There is little empirical evaluation of interventions to reduce the risk of PTSD or treat the established disorder as it relates to PICU admission in children or parents. In adult burns victims, perceived helplessness and a lack of social support increase PTSD [30]. Extrapolating this to a PICU population, it might be hypothesised that simple strategies such as maximising the involvement of parents in the physical care of their child and optimising social support both within and outside the family, e.g. from paediatric social workers or hospital chaplains, may reduce the severity of PTSD reactions. Out-patient follow-up by PICU teams is not routine; initiating this may provide clinicians with an opportunity to identify symptoms of PTSD. A close working relationship between the PICU team and liaison staff in child and adolescent psychiatry may facilitate recognition of the disorder and referral for treatment (normally using cognitive behavioural therapy). Additionally, other health professionals might have a useful role, e.g. telephone follow-up by nurses has been found to be helpful for parents of PICU-discharged children in providing information and emotional support [31].

Strengths and limitations

This study, using a control group, represents one of the few attempts to try to separate the specific influences of the PICU experience on psychopathology from the general effects of a paediatric admission. The consequences of possible selection bias must be considered. However, the participants did not differ from the non-participants with regard to demographic factors, suggesting systematic recruitment bias was unlikely. Whilst the two cohorts were well matched for the body system involved in the primary illness, certain diseases are more likely to lead to multiple organ failure; they may have been over-represented in the PICU group. Importantly, we used a validated semi-structured interview (the CAPS-C) to quantify our main outcome of interest (PTSD in children). Whilst recall bias may have affected the results, it is unlikely the effects of such bias would differ between the two cohorts.

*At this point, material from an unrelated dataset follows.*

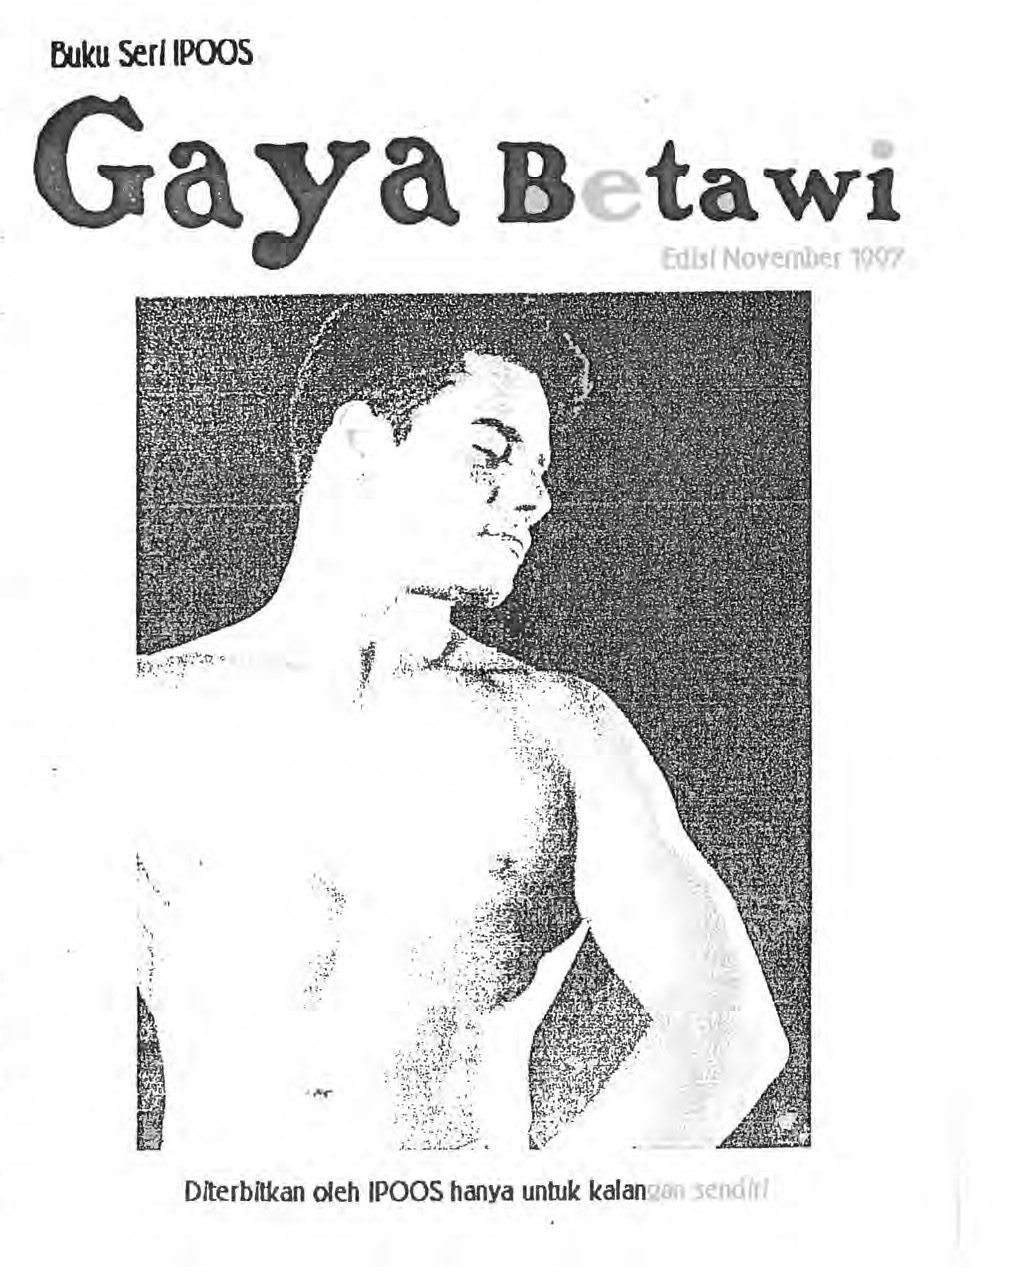 Buku Seri IPOOS GAYa Betawi Nov 1997

The interviewers were not blind to whether children were admitted to the PICU or paediatric ward. However, this might be difficult to maintain when assessing PTSD.

This study was confined to one centre and paediatric care is likely to differ between hospitals; we must be cautious in the generalisation of these results. Whilst the total number of participants satisfied our a priori power calculation, this was reduced by restricting analysis of instruments to the age group for which they were intended and only including CAPS-C data, where no concern was expressed about response validity. Our results may be under-estimates of true differences between groups. However, it is also possible that, because of the large number of analyses and multiple outcome measures, some statistically significant findings may represent Type 1 errors. Nevertheless, despite the need for replication, our most striking finding (a higher prevalence of PTSD after PICU admission) has considerable face validity.

In conclusion, about one fifth of PICU-admitted children, (no ward admissions) and a quarter of PICU parents developed PTSD after discharge. PTSD symptoms were significantly higher in parents of PICU-admitted children. Perceived severity of illness, threat to life and length of admission were risk factors for PTSD.

Paediatricians and GPs may be advised to screen for PTSD symptoms in children discharged from PICU. Professionals should be aware that, despite resolution of the acute physical illness, disabling psychological symptoms may be present in a significant proportion of PICU-discharged children and their parents.